# [Exercise]
Starting at the line that contains "Excellent Pre-Owned Condition." and ending at the line that contains "vintage 1950s gold", the lines below are to be given again exactly, with nothing added.

(Entries taken from a collection)
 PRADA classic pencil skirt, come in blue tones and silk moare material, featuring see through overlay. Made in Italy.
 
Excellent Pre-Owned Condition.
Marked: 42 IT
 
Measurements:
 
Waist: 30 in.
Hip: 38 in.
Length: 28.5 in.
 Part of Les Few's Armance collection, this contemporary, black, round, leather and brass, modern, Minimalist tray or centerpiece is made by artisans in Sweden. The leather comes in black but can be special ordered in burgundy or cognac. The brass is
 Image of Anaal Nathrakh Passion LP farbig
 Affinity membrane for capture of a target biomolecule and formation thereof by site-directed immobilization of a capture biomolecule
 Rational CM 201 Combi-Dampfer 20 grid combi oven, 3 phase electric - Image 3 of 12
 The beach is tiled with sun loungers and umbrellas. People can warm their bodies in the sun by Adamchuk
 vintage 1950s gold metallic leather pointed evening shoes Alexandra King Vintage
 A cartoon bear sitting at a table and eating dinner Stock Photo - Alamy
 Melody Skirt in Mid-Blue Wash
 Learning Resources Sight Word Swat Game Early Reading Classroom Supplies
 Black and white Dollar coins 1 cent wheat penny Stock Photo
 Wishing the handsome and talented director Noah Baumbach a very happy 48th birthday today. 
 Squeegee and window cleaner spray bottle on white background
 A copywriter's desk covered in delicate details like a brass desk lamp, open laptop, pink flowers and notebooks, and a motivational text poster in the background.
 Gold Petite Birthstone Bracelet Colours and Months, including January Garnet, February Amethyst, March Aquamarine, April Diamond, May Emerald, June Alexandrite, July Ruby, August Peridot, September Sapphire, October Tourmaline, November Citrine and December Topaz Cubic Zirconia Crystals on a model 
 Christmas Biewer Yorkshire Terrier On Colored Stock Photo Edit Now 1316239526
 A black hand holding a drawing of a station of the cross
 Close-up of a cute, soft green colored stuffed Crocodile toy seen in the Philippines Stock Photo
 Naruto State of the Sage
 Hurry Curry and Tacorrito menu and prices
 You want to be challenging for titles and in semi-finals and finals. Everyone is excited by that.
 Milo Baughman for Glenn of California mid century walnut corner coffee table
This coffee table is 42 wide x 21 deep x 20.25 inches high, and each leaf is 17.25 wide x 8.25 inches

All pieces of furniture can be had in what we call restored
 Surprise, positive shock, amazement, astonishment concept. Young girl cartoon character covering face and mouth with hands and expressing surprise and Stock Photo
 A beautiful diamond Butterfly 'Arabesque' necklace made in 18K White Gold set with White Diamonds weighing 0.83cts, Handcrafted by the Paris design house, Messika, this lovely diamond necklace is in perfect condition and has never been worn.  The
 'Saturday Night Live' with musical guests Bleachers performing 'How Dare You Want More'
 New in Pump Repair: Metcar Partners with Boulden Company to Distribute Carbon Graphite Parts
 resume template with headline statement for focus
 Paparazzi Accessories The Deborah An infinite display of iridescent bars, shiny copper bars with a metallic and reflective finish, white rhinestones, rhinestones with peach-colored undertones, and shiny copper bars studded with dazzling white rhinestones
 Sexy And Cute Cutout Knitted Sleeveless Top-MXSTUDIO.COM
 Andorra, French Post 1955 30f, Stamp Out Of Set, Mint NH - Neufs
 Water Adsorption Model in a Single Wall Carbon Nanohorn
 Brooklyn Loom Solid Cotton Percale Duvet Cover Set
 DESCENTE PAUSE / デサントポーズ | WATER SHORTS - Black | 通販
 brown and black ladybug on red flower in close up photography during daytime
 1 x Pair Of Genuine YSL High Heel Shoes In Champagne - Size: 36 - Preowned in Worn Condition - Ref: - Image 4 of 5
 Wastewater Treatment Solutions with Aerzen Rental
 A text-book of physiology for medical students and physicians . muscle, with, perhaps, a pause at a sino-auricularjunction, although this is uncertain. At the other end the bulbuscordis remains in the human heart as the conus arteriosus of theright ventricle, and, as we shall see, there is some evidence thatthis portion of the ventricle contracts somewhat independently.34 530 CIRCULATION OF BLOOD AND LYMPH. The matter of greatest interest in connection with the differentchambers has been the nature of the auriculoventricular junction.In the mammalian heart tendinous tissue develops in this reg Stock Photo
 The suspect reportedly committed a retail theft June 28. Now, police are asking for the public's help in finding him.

# [Answer below]
Excellent Pre-Owned Condition.
Marked: 42 IT
 
Measurements:
 
Waist: 30 in.
Hip: 38 in.
Length: 28.5 in.
 Part of Les Few's Armance collection, this contemporary, black, round, leather and brass, modern, Minimalist tray or centerpiece is made by artisans in Sweden. The leather comes in black but can be special ordered in burgundy or cognac. The brass is
 Image of Anaal Nathrakh Passion LP farbig
 Affinity membrane for capture of a target biomolecule and formation thereof by site-directed immobilization of a capture biomolecule
 Rational CM 201 Combi-Dampfer 20 grid combi oven, 3 phase electric - Image 3 of 12
 The beach is tiled with sun loungers and umbrellas. People can warm their bodies in the sun by Adamchuk
 vintage 1950s gold metallic leather pointed evening shoes Alexandra King Vintage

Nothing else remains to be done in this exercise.